An engineering graduate and service award recipient offers insights gained from his experiences with the Rutgers chapter of Engineers Without Borders.

Recent grad Corey Norton isn’t new to the concepts of global health. He grew up in a family that values sustainability, science, and contributing to the greater good, and he knew from an early age that he would pursue a career that could help make the world a better place.

But what cemented his appreciation for global health’s core principles was his involvement with Rutgers’ student chapter of Engineers Without Borders (EWB-Rutgers). Norton, a two-time School of Engineering graduate (2018 and 2020) whose bachelor’s and master’s degrees are in electrical and computer engineering, has helped with and led projects related to water distribution systems in resource-limited settings in Tanzania and Guatemala, as well as smart irrigation systems for community gardens in low-income neighborhoods in Camden, New Jersey.

Photo of Corey Norton in a wooded setting

School of Engineering alumnus Corey Norton grew up in a family that values sustainability, science, and contributing to the greater good.

His contributions as a founding member of EWB-Rutgers’ alumni advisory board and his engineering-related volunteer work outside of Rutgers earned him the Excellence in Outreach and Service Award from the university’s School of Graduate Studies, announced earlier this fall.

Recognizing the invaluable role of mentors in his own life, and given the considerable hands-on experience he was able to gain in his time at Rutgers, Norton offers these tried-and-true tips for students who are exploring careers in global health.


1.  The community’s needs come first.

On his first trip to Tanzania in 2016, Norton experienced the importance of learning about your community partners’ needs, capabilities, and culture.

“When we visited our partner site in Karatu, Tanzania, we learned that the local committee they had established to deal with their water distribution was pretty extensive. They already had systems in place—ideas and plans for where they could drill a well to reach an aquifer and how the clean water would be distributed throughout their region, as well as a system for collecting taxes to support it,” Norton says. (The sign image, above, says “Water Board” in Swahili, and “KAVIWASU” refers to Karatu Village Water Supply.)

Though the Rutgers team already had drafted a potential plan for the water distribution system, they realized it needed to be reworked “to be able to fit within what the local committee had established and what they are used to,” Norton says, citing lessons learned from EWB-Rutgers faculty mentors and experienced students about “avoiding the savior complex” in global health work. “This is why we do these assessment trips, so that we can talk to the community and find out what their needs are. Otherwise, things can turn poorly pretty quickly if you go in there with your preconceived notions.”


2.  Global health requires many skillsets and disciplines.

“When I was a project lead for EWB-Rutgers, we made a big push to involve people from diverse backgrounds—not just engineering majors—on our teams,” says Norton, who encourages students to look beyond the name of a club when considering what groups to join.

“Because ‘engineering’ is in the name, we tend to attract only engineers. But we need people with all kinds of skills and interests in order to be successful. Communicating with our in-country contacts, managing our budget, and fundraising are ways that more people can get involved,” he says, noting that non-engineers also contribute to technical efforts. “A group of engineers will tend to think like engineers, and we might miss possible solutions. Diverse input is really useful.”

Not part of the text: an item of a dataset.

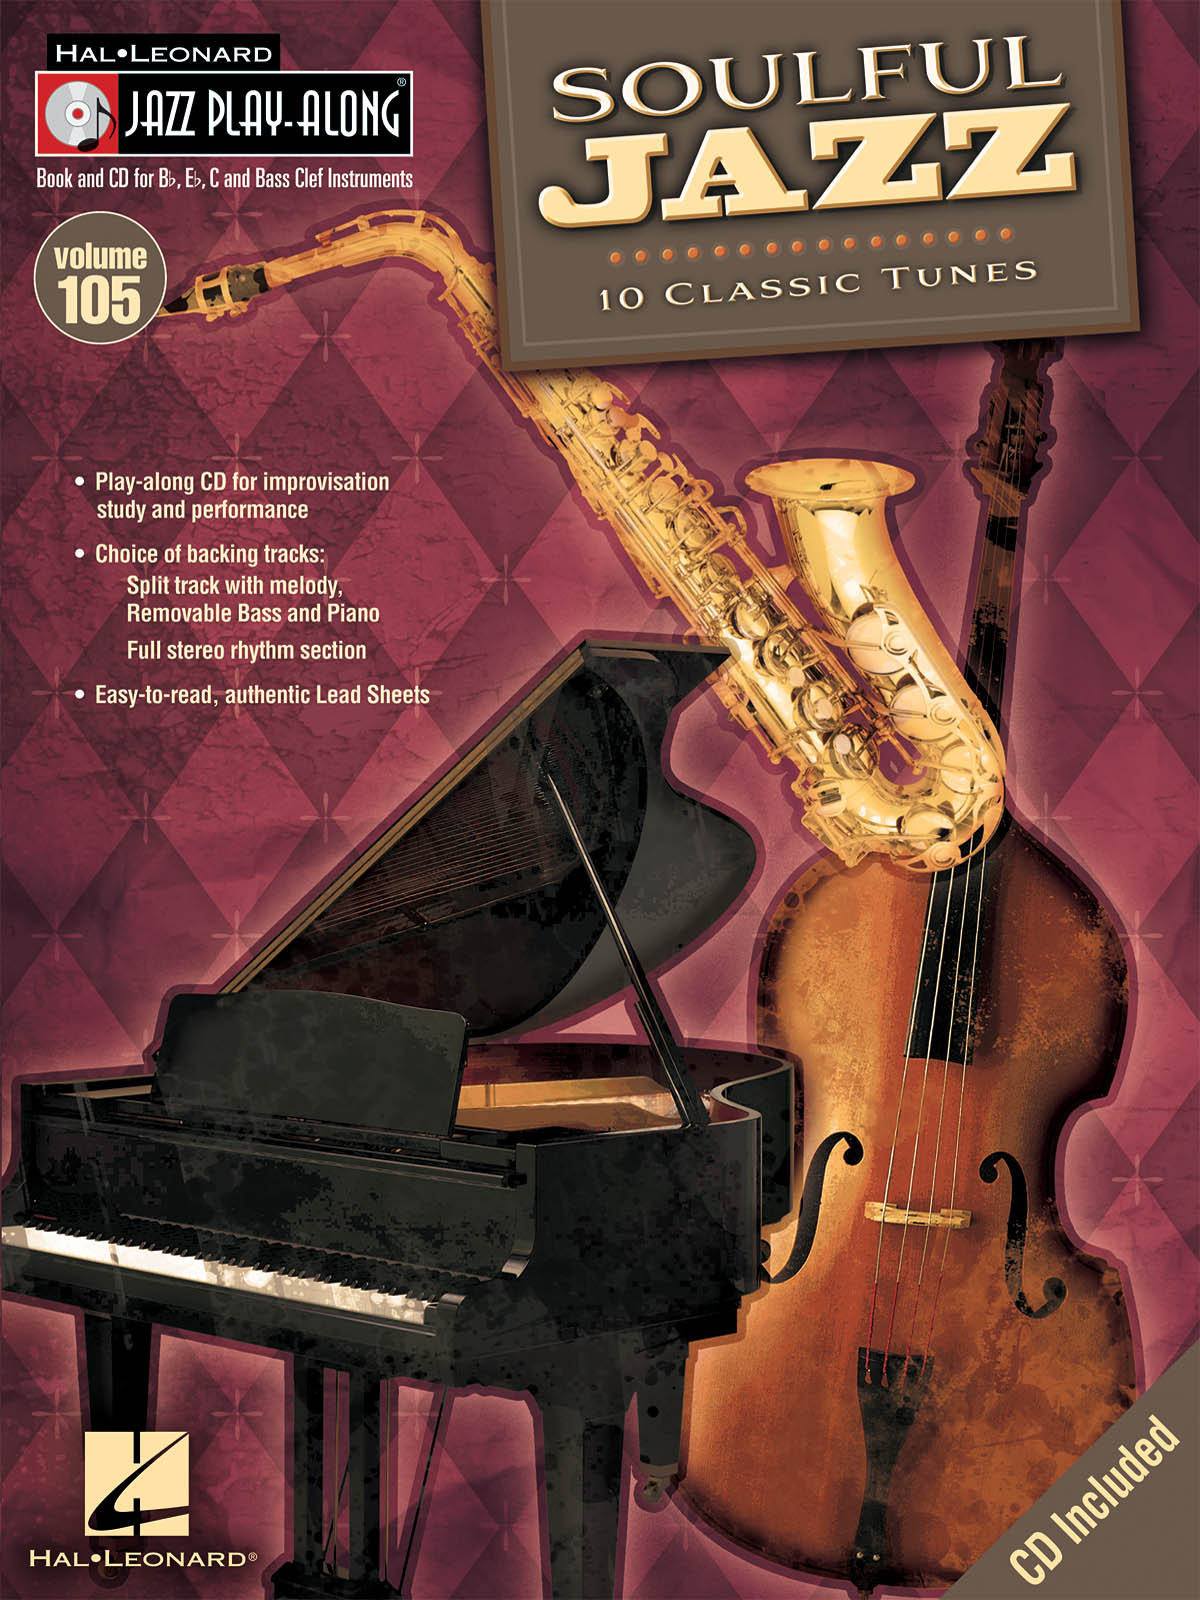 Soulful Jazz - Jazz Play-Along Volume 105 - melodie s akordy pro nástroje v ladění C

3.  Teaching, training, and mentoring others is just as important as doing the work itself.

Norton’s role in the irrigation project for Camden’s community gardens involved developing technology to keep crops watered based on certain environmental factors, such as soil moisture, humidity, temperature, and sunlight. The automated system, which continues to be refined, incorporates an embedded framework that Norton designed in his senior year at Rutgers. The community gardeners in Camden are trained on how to adjust the system’s settings, for example, when they plant different crops that require different environmental inputs.

An “exciting secondary outcome” of the garden project, Norton says, is introducing STEM (science, technology, engineering, and math disciplines) to the city’s young people who volunteer. And his commitment to STEM education extends beyond EWB-Rutgers. He is a program architect for USTEM, a New Jersey-based nonprofit organization that designs and leads interactive STEM programs for children in underserved communities. Norton’s global health perspective influences his leadership style here, as well. In addition to the hands-on learning activities that USTEM provides for children in kindergarten through eighth grade in subjects such as space exploration, astronomy, chemistry, biology, physics, and robotics, the organization is working on a “Teach the Teachers” curriculum.

“Our plan is to begin teaching high school and college students how to run these programs for younger kids,” he says, “so that we can reach more people overall.”


As a graduate student, Norton worked in the laboratory of School of Engineering assistant professor and Rutgers Global Health Institute core faculty member Umer Hassan, developing a medical point-of-care biosensor that detects and monitors the human body’s immune response to an infection. Hassan’s research related to sepsis, a life-threatening and largely preventable condition caused by the body’s response to infection, is another example of the crucial role of engineers in global health.